Kit poked at a collection of drawings on a bench along the wall where the instruments of the craft were kept. “And this is ’is pattern book. I’m surprised he’s left it behind. He even takes it to bed with him, he said.”

Hildegard recognised it as the one Gilbert had shown her down by the river the evening they had seen Baldwin heading towards the woods. On a shelf under the bench was another book. Almost before she knew it she had reached for it and flicked it open. She stopped after a page or two.

She was stunned.

Baldwin was right.

Sheet after sheet was covered with drawings of Dorelia. Some were of her face, from every conceivable angle. In others, she was drawn full length, standing at a door, sitting at a table and, in many, many more, she was lying on a bed, as Roger would have said, “babe-naked.”

Startled, and about to snap the book shut, she heard a voice exclaim, “What the bloody hell’s going on now?”

Danby came blustering in. He stopped on the threshold. “Forgive me, sister. For a minute I thought it was that knight back again, seeing the door wide open. Have I left a page of my—” Then his glance fell to the pattern book and as she closed it he stepped forward. “What have you got there?” He peered into her face. “You look as if you’ve seen a ghost.”

“Just something I shouldn’t have seen.” She tried to put the book back on the shelf but Danby reached for it. She said, “I’m sorry. I should never have opened it. I did it without thinking.”

Danby was turning the pages with a puzzled frown. When he came to the drawings of his wife in the nude his frown deepened. He looked at every page all the way through to the end without speaking, then carefully pressed the pages together and held it between his hands for a moment.

“I had no idea,” he said in a roughened tone. For one startling moment his eyes filled then he turned briskly away. “Thank you, sister. It’s a timely reminder of one of Gilbert’s sayings: Truth will out. Now I know what he means by it.”

He left the workshop. His footsteps could be heard going upstairs into his private chamber.

Hildegard took Kit across the yard into Tabitha’s where the widow made a great fuss of him. She kept commenting on his skinny arms and eventually Kit said, “I’m not a goose to be fattened up for a feast, widow.”

She laughed and said something about him not wanting another of her scones then, to which he replied he’d rather be a plump goose than a skellington.

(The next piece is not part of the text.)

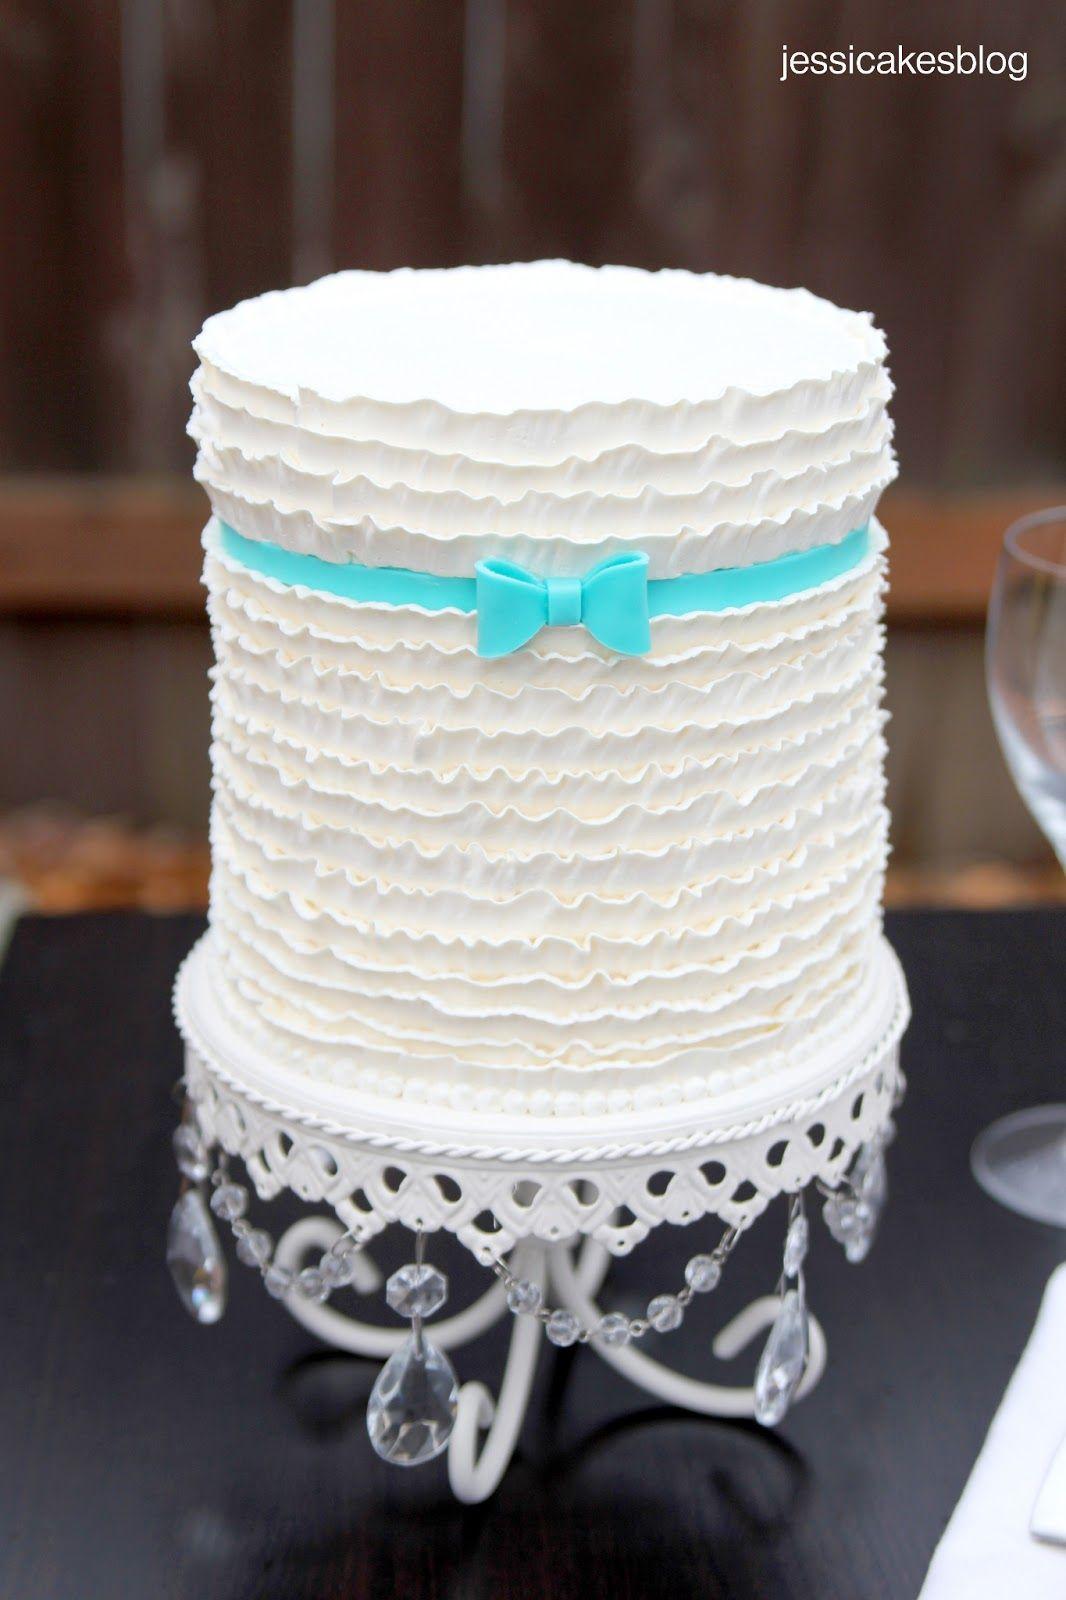 Jessicakes: Buttercream Frills (or Ruffles) Cake.

Hildegard saw Danby come down and disappear into his back kitchen and a moment later the little scullion emerged looking important and sped off down the passage.

Danby appeared in the doorway and stood gazing across the yard.

She went out to him.

“I’ve sent the lad with a note to say I’m copping off rehearsals.” He still had the book in his hands. “I don’t know what to think,” he told her. “I’m pole-axed.”